Work task → All of the data that follows is to be printed exactly, without pictures.

Supplied material →
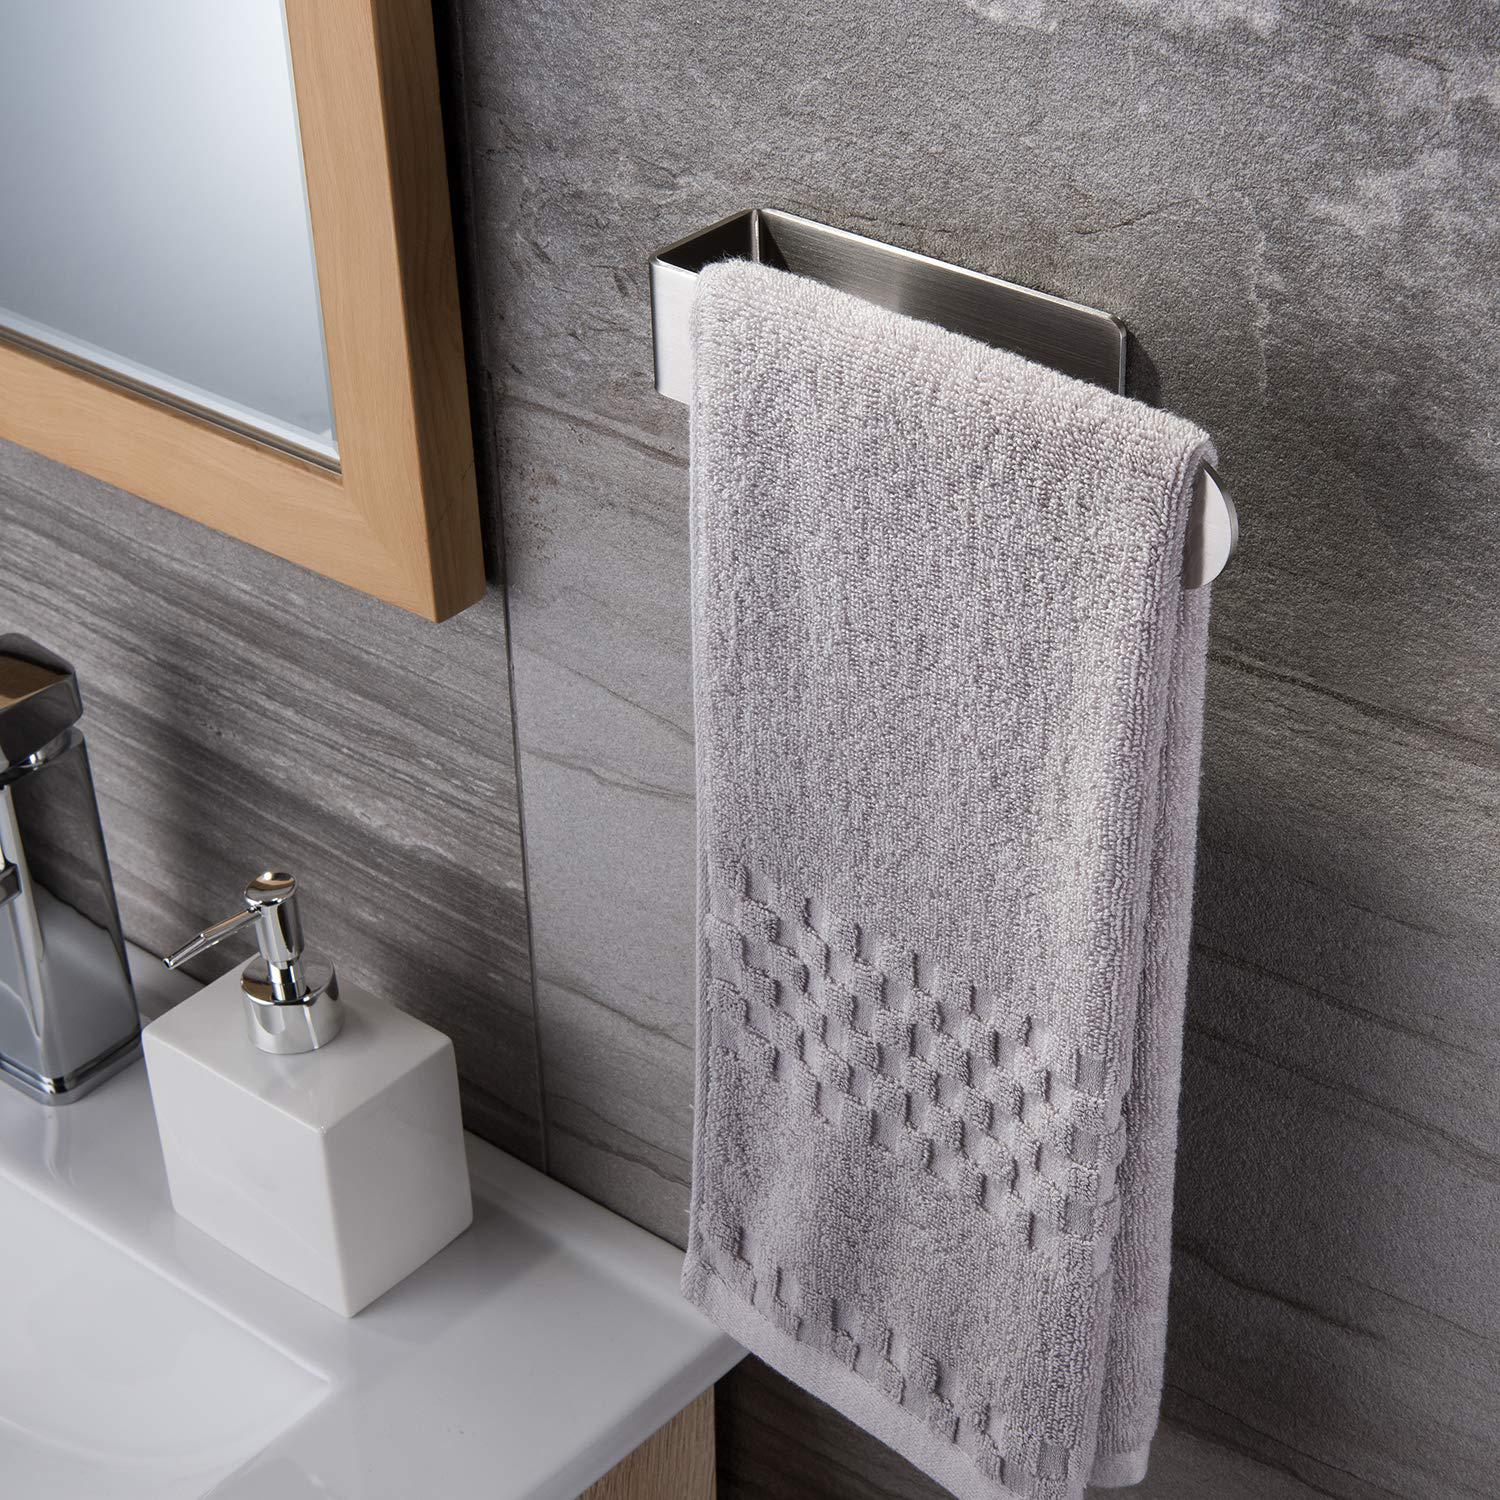 taozun hand towel holder/hand towel ring - self adhesive bathroom towel bar stick on wall, sus 304 stainless steel brushed
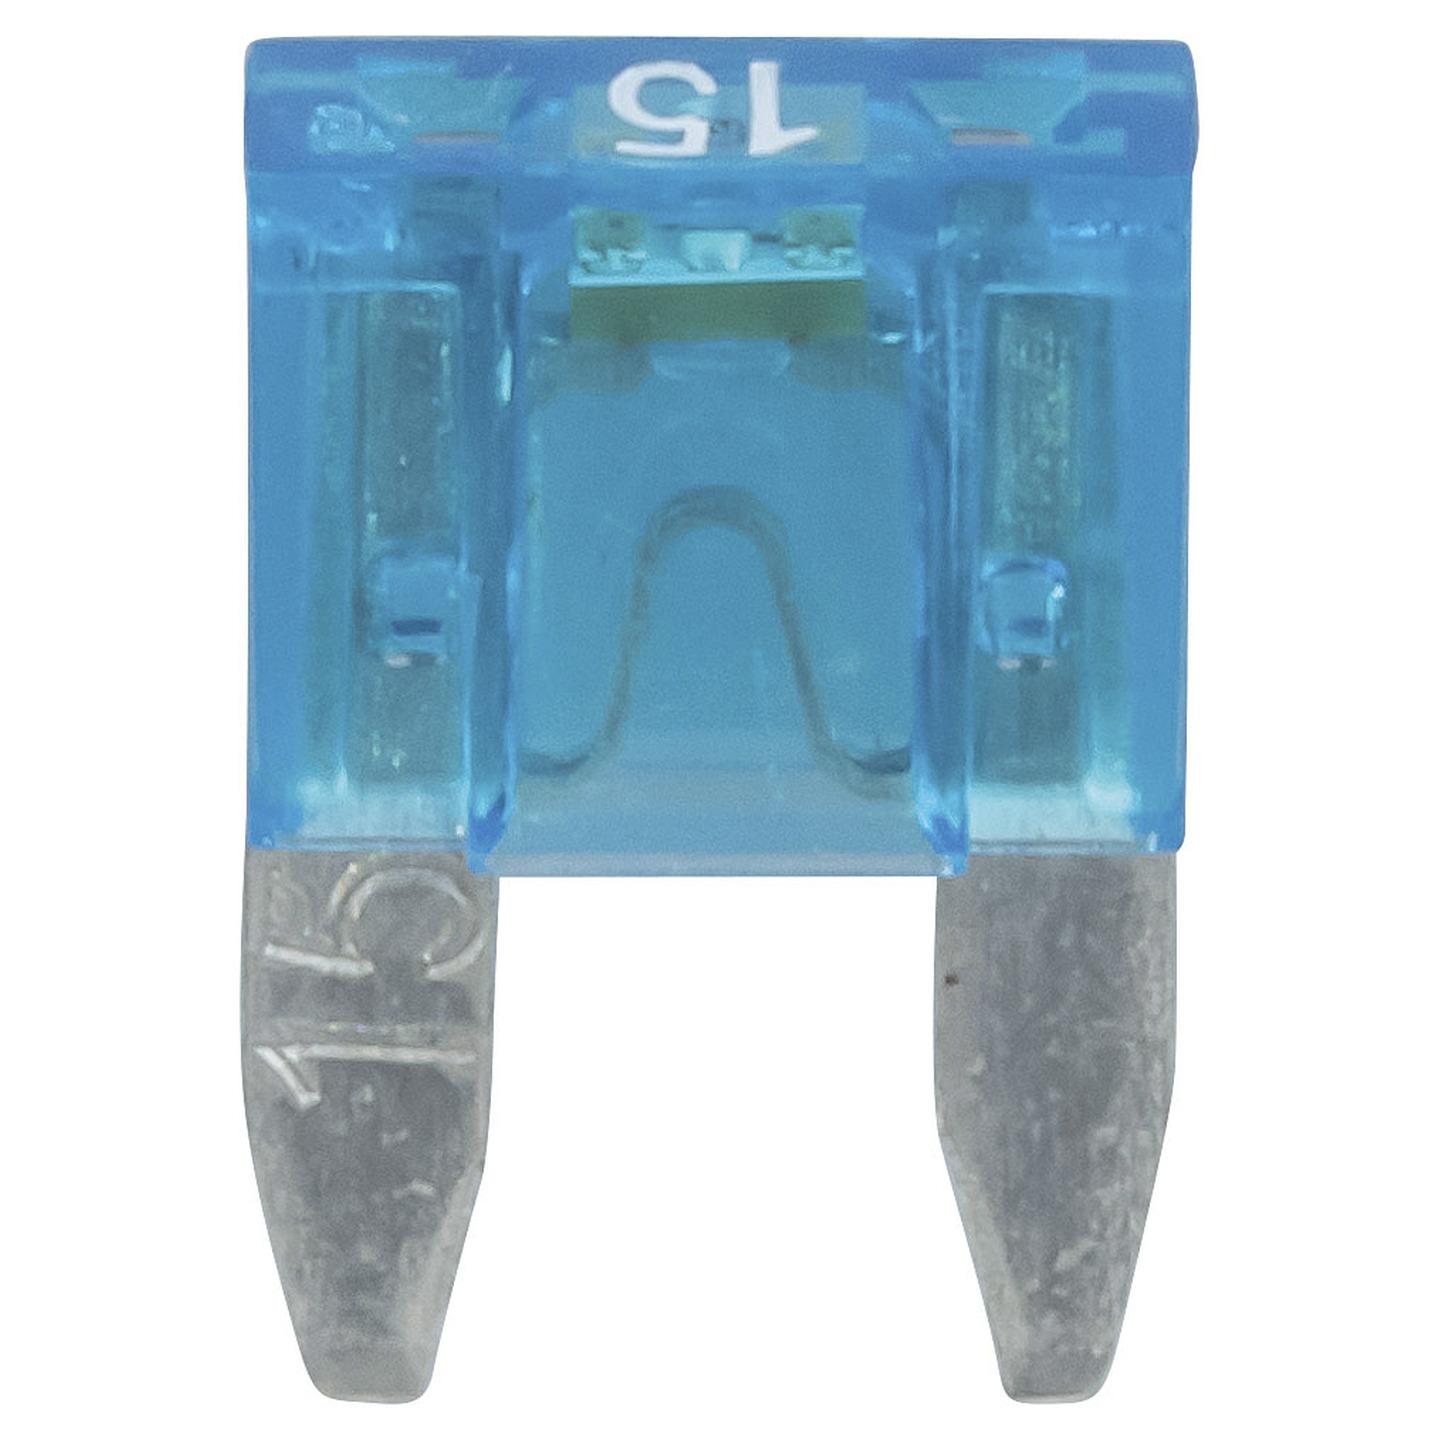 15A Blue Mini Blade Fuse with LED Indicator
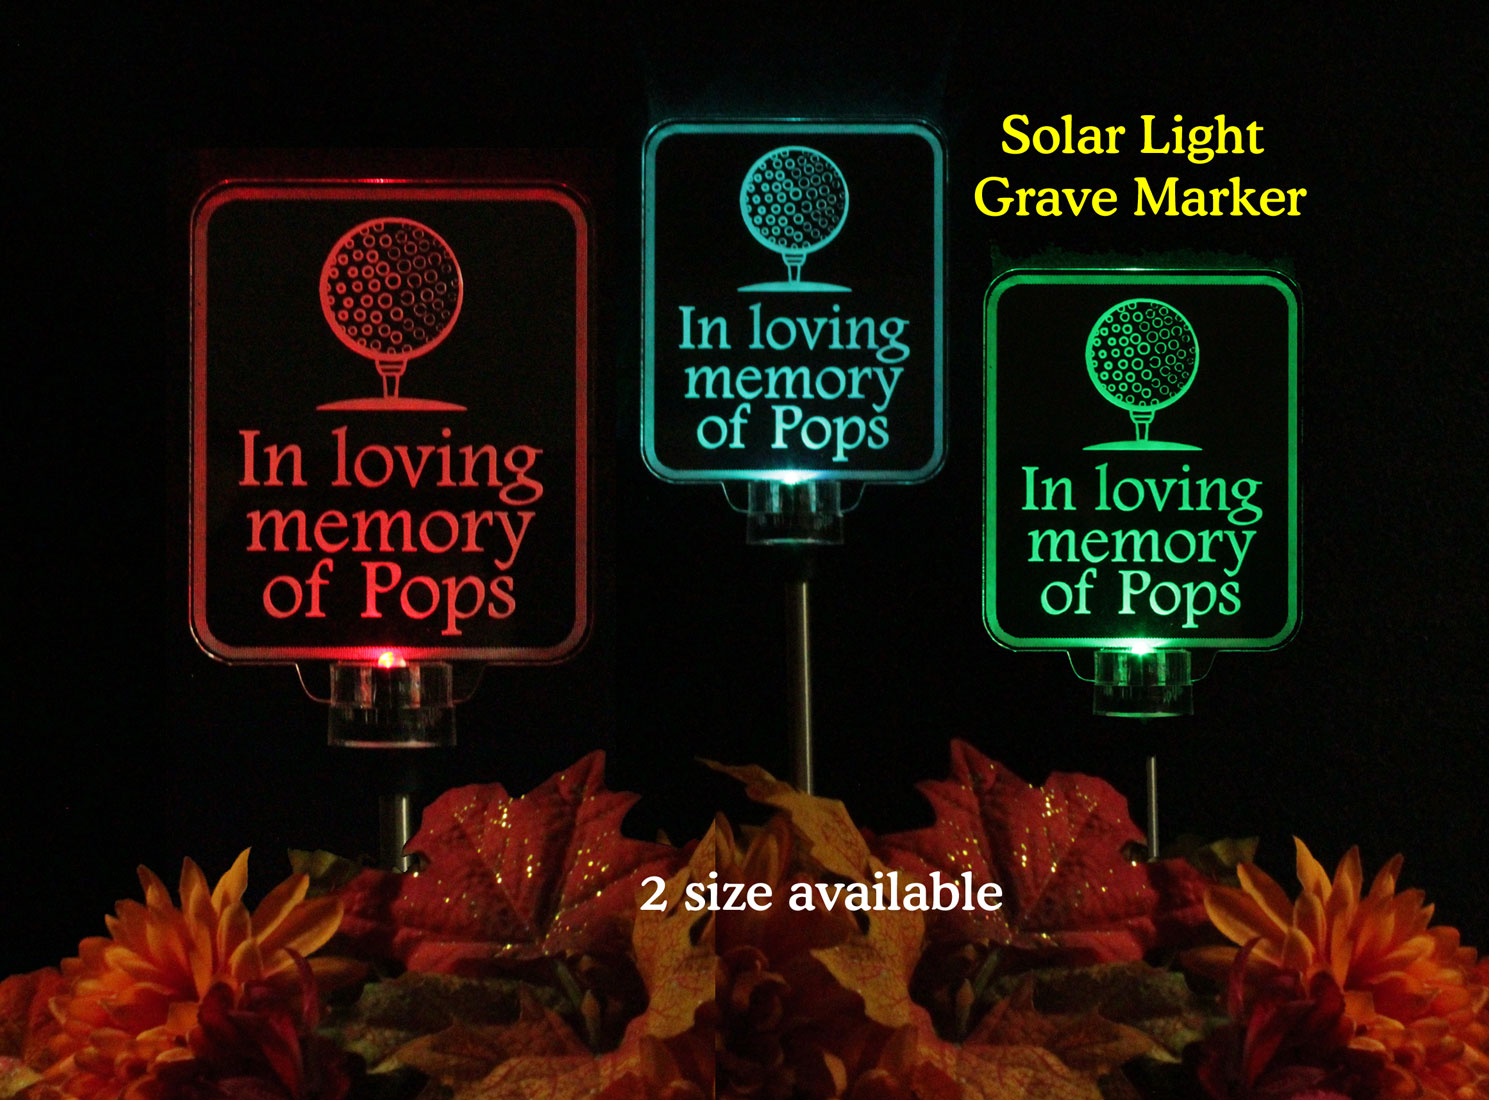 Golf Ball Cemetary marker, solar light grave marker, personalized
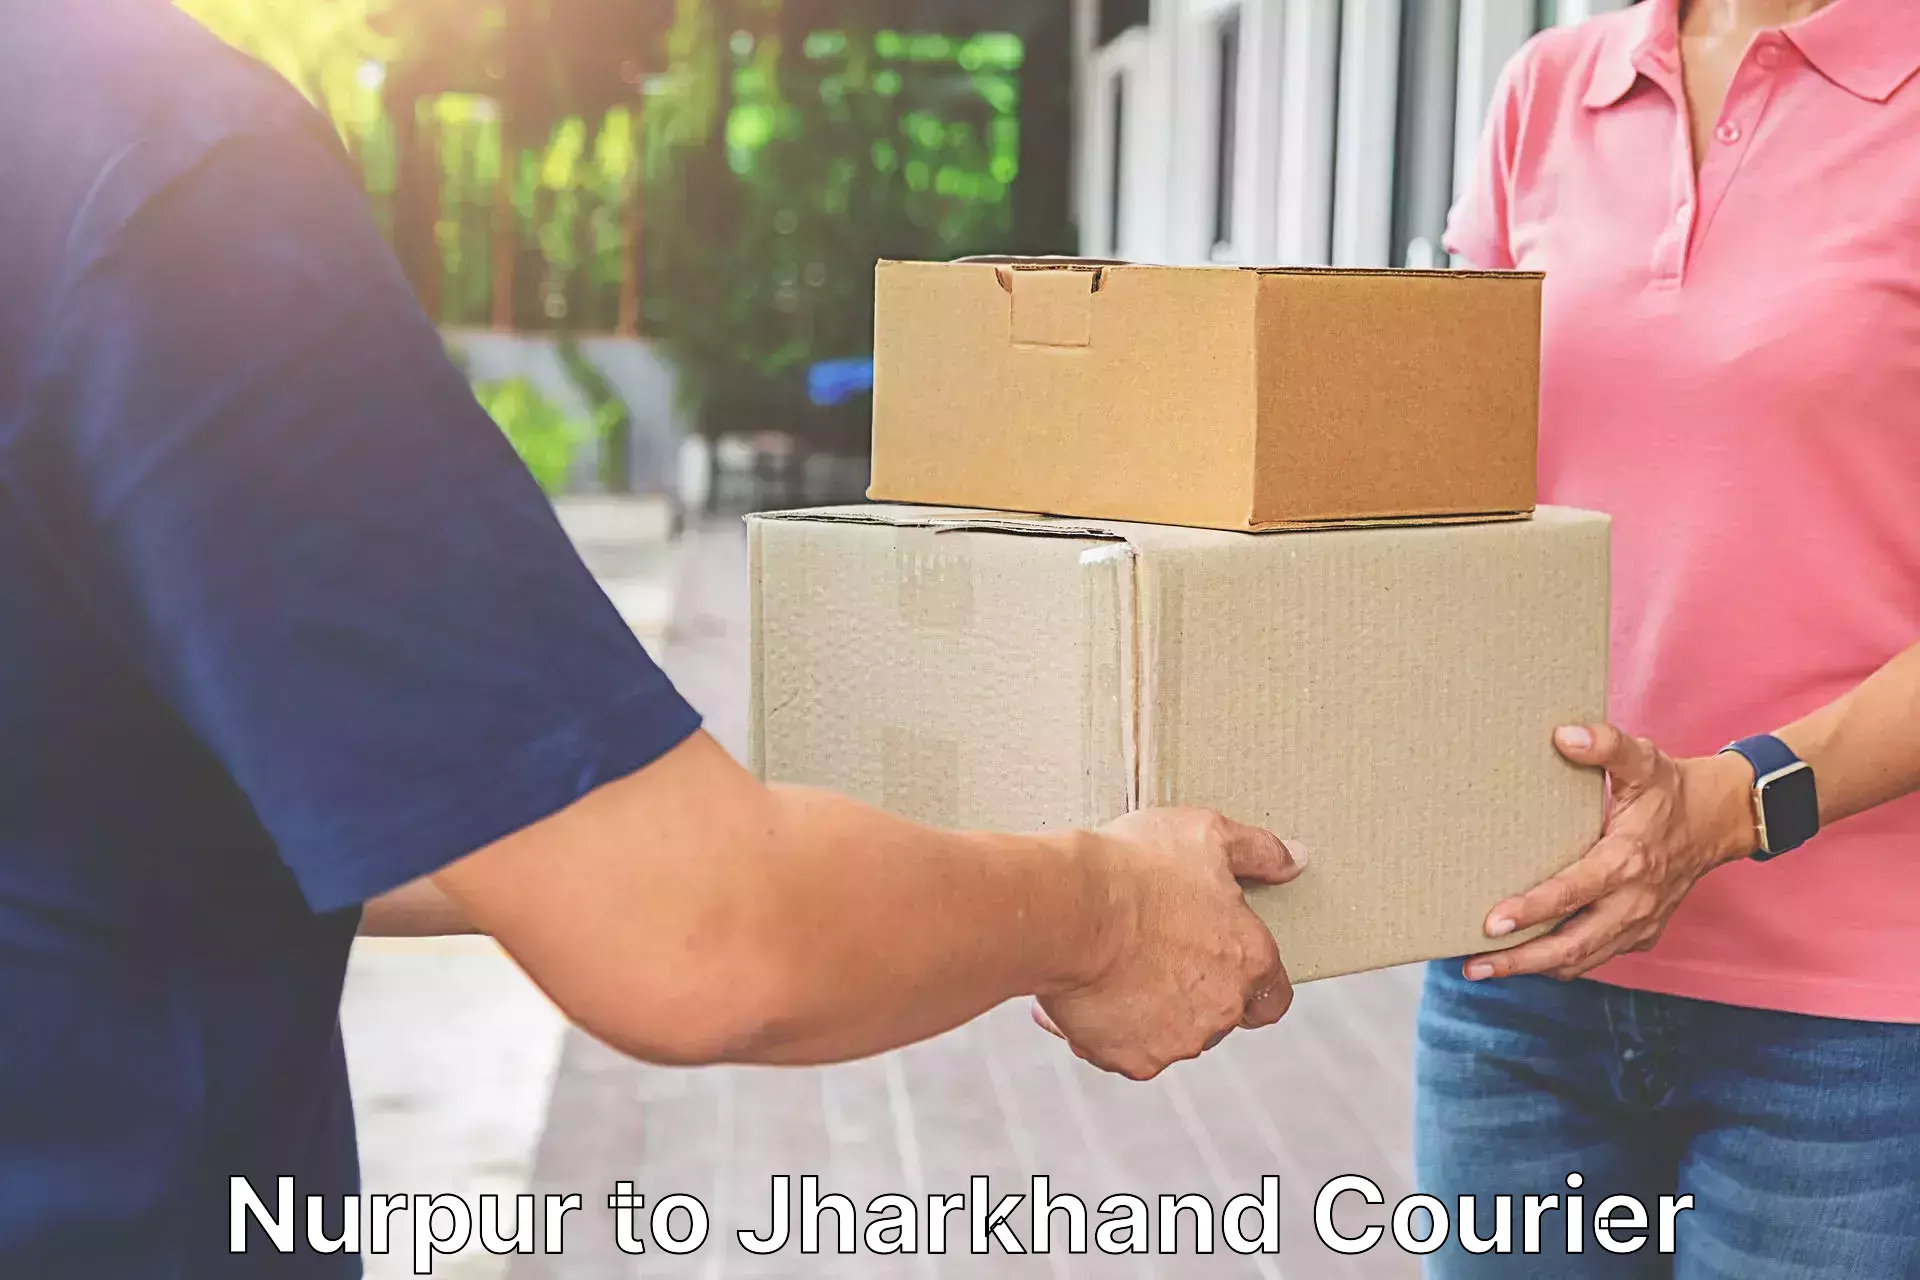 24-hour courier service Nurpur to Jamshedpur

Task answer →
 taozun hand towel holder/hand towel ring - self adhesive bathroom towel bar stick on wall, sus 304 stainless steel brushed
 15A Blue Mini Blade Fuse with LED Indicator
 Golf Ball Cemetary marker, solar light grave marker, personalized
 24-hour courier service Nurpur to Jamshedpur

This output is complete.